I don't know. Years after all of this I heard a commercial radio announcer, broadcasting from some place on the coast, telling fish jokes (no idea why). And he asked what kind of fish won't lend you any money, and told us it was a jewfish* - geddit? I still remember the calm, cold rage I felt, the hours of it.

So, I'm confused. I'm starting to feel that maybe trying to change language is part of, but not the whole solution.

And I don't even know that I have a right to speak on this - I'm not gay, or spastic, or whatever. I grew up essentially insulated.

And any attempt to change the language is going to have to face up to the fact that language is not a solid that can be cut and arranged into orderly or pleasing patterns, it is a fluid thing with tides and currents of its own. Maybe "gay" means "rubbish" to fifteen year olds for the same reason that "wicked" means "good", and "cool" means almost the same as "hot" - irony, exclusion of outsiders, novelty, whatever.

Gods it's complicated.

Anyway. I know as far as gay (in the pejorative sense) goes, I have an irremovable disquiet about the term. I don't like it, I doubt I will ever feel comfortable with it, no matter the intentions or avowed intentions of the speaker, no matter what those who hear it say they understand by it. I suspect a lot of the kids who use the term would violently disavow homophobia, and would say when they dismiss some tv show or unfashionable item of clothing or thirty five year old DJ as "gay" that they are not saying anything about sexuality.

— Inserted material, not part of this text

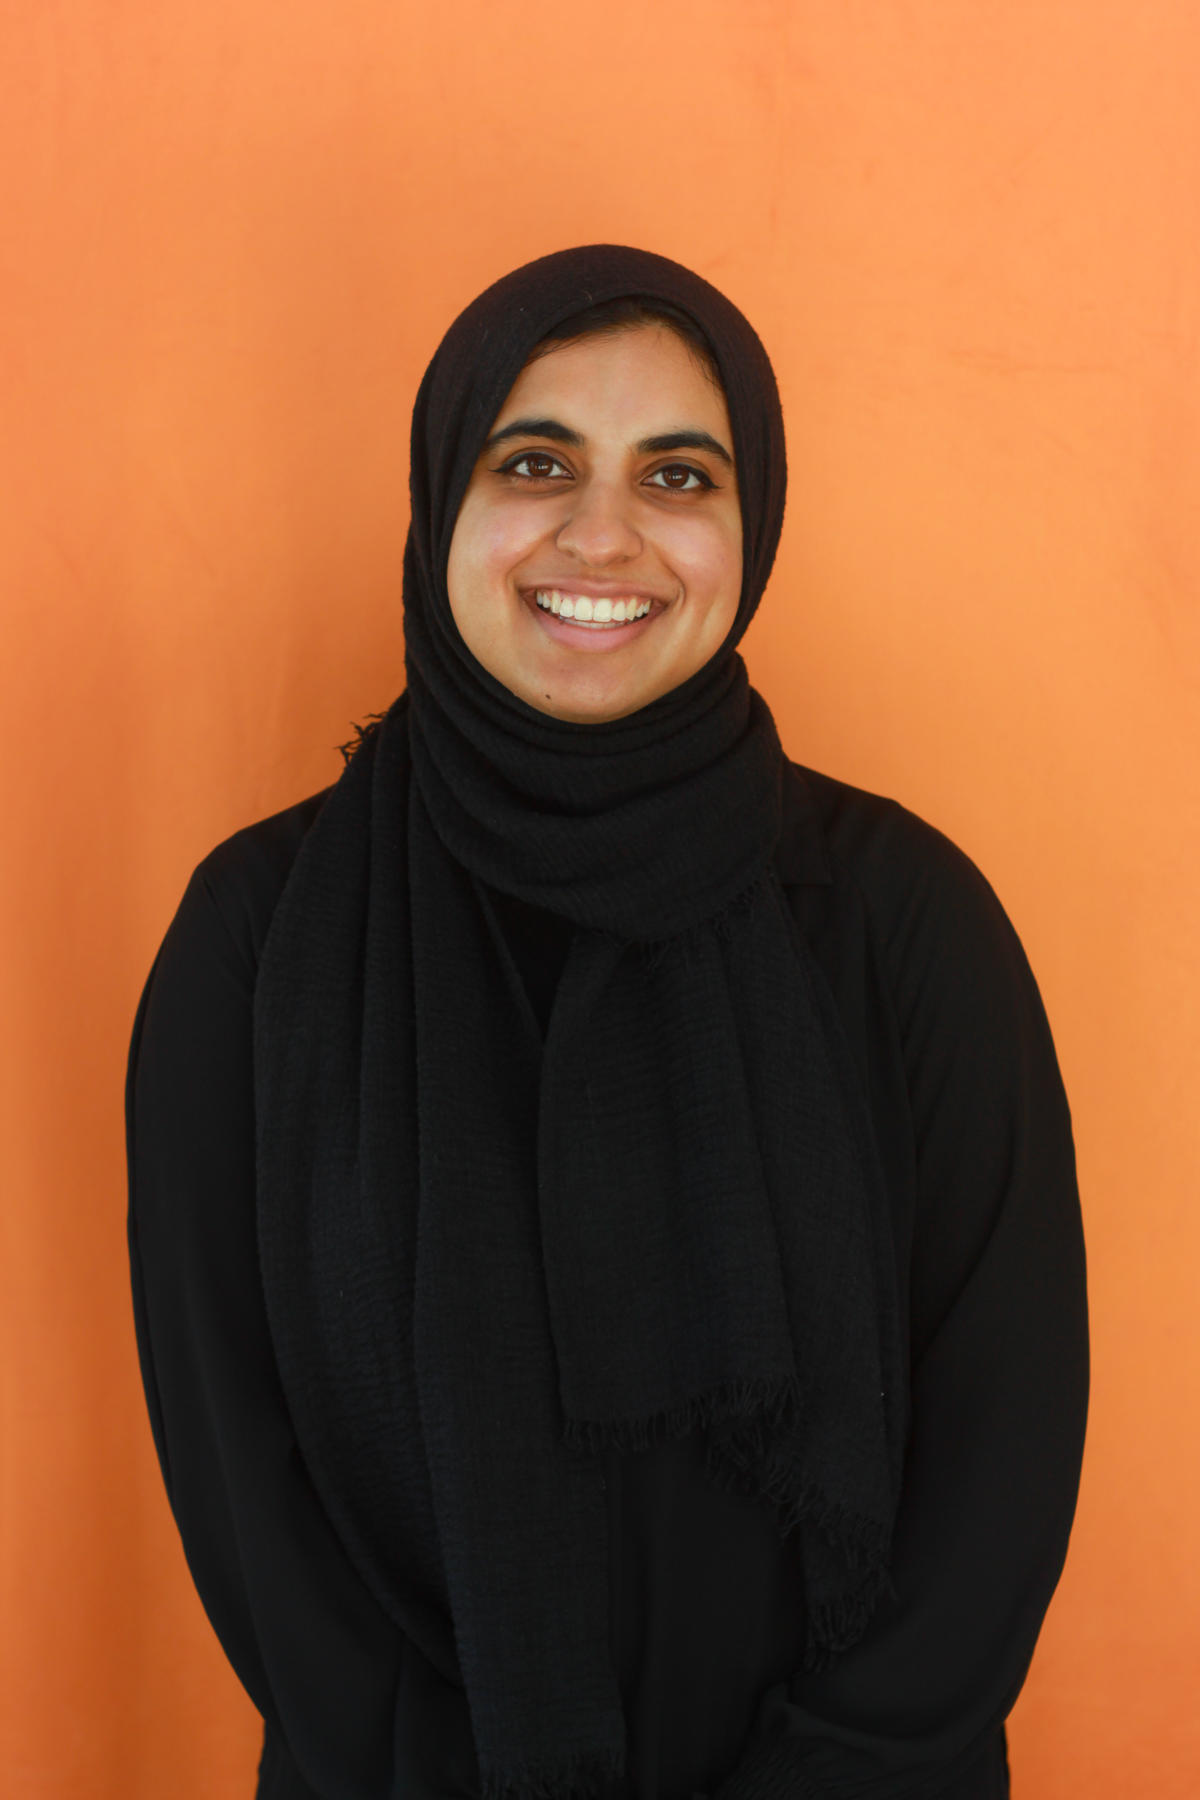 Anisa Chaudhry

And yet. I keep thinking of the constantly petrified kid in the back row, the kid who may be good at football, or may be crap, who is wondering how long he can hide things and what if his mates knew and how do you tell your mates you're gay - I keep thinking of him, and how he is going to react to the word.

Whatever. Fifteen minutes of a car trip and no further forward.

And what is my conclusion? What is unarguable about all this? Only a few things.

Language is complicated.

The fifteen year old demographic is important to a lot of radio stations, they spend a lot on stuff.

And most of them, like most of us, aren't gay, or spastic, or whatever.

And thirty five year old men, for a lot of reasons, are going to want to keep appealing to fifteen year olds.

And for the next couple of years the gay kid hiding in the back row is just going to have to deal with it.

Like I said. Explain this to me if you can. Because I can't.

Thanks for listening,
John

*The dhufish (the dhu pronounced as in Jew) is a popular table fish over here. Caught one myself off the coast of Albany, twenty years ago.

2 Comments:

Blogger Benedict 16th said...

"trying to change language", all I can say to that is double plus ungood

As for using the term "gay" in the pejorative, I would, I'd hope my intent would be a bit of trying shed some light on the "cognitive dissonance". But then I'm just a bit O.D.D.!

Benedict

5:35 PM  
Blogger neil said...

I have a daughter with autism. Some people say she is autistic, some say special needs...

I just look at her and to me she is M.(her name), that's it. She is what she is, sure she needs extra attention, but at the end of the day she is a person that was put together a little differently; aren't we all different from each other?